This workshop is divided in 3 modules:
- Deploying clusters or local installation
- Basic concepts
- Hail data structure and functions
- Aggregations
- Basic plotting
Sample code from each module can be found at the notebooks
folder.
All the related documentation for Hail
can be found at their website. Hail has two main data representations: Table and MatrixTable. This is how data is stored and it's important to learn all their features and characteristics. In addition, the Overview page is always a good starting point for new users.
Please note that the production release is version 0.2
. There are a Forum and a Chat available for support and to interact with the Hail
community.
Execute the following commands in your terminal:
## Install Conda
cd ~/Desktop # or your path of preference
git clone https://github.com/hms-dbmi/hail-workshop-2019.git
cd hail-workshop-2019
wget https://repo.anaconda.com/archive/Anaconda3-2019.03-MacOSX-x86_64.sh
# If you don't have wget install it by running "brew install wget" or manually download from: https://repo.anaconda.com/archive/Anaconda3-2019.03-MacOSX-x86_64.sh
# For a lighter installation you can use Miniconda instead:
# https://repo.anaconda.com/miniconda/Miniconda3-latest-MacOSX-x86_64.sh
sh Anaconda3-2019.03-MacOSX-x86_64.sh
# Follow the instructions
# For the question "Do you wish the installer to initialize Anaconda3 by running conda init?" We recommend "yes".
rm Anaconda3-2019.03-MacOSX-x86_64.sh
# Check if Java 1.8 JDK is installed. If it is not, go to: https://www.oracle.com/technetwork/java/javase/downloads/jdk8-downloads-2133151.html > Java SE 8 JDK > Accept the license > Mac OS X x64 (.dmg)
java -version
# After java is installed source your profile
source ~/.bash_profile # For bash
source ~/.zshrc # For Zsh
# Create Hail environment with Python 3.7 and Jupyter Lab
conda create --name hail python=3.7
conda activate hail
python -V # Make sure it's Python 3.7 - python 2 is not compatible!
python -m pip install hail
python -m pip install ipywidgets
python -m pip install jupyterlab
# Run Jupyter Lab
HOSTDIR=$(pwd)
mkdir -p $HOSTDIR/notebooks
cd $HOSTDIR/notebooks
jupyter lab # The path where this command is executed is automatically selected as the HOME directory
# jupyter lab should automatically run in your browser as: http://localhost:8888
Make sure you have Docker installed. OTW Click HERE for installation instructions.

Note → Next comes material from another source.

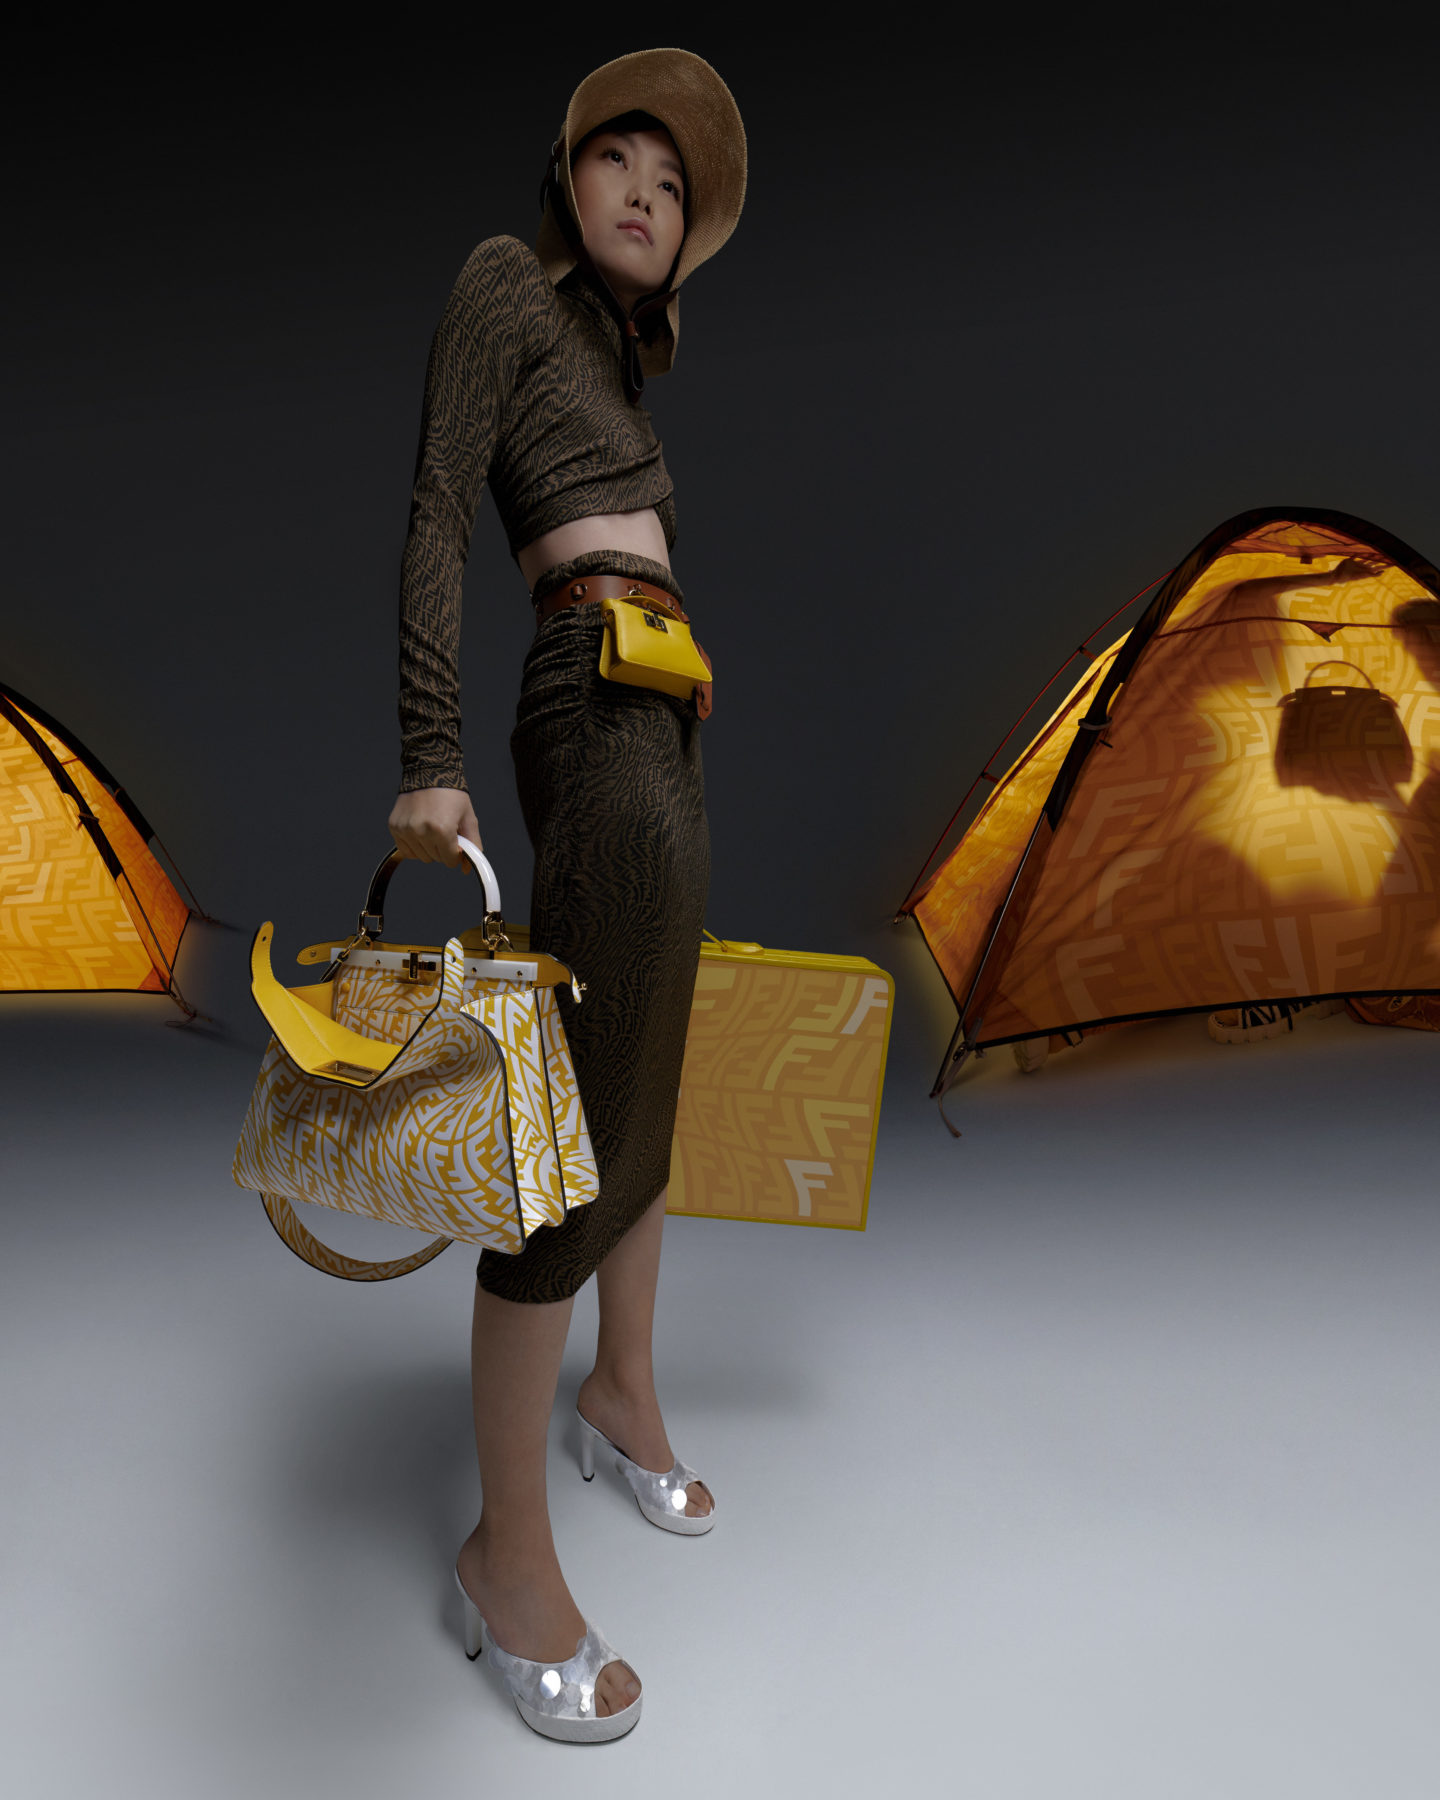 FENDI : THE SUMMER 2021 CAPSULE COLLAB' WITH SARAH COLEMAN

Once Docker is installed and running, execute the following commands in your terminal:
cd ~/Desktop # or your path of preference
git clone https://github.com/hms-dbmi/hail-workshop-2019.git
cd hail-workshop-2019/hail_docker
# Build image
sudo docker build . --tag hail
# Run docker in the local host
HOSTDIR=$(pwd | sed 's/\/hail_docker$//g')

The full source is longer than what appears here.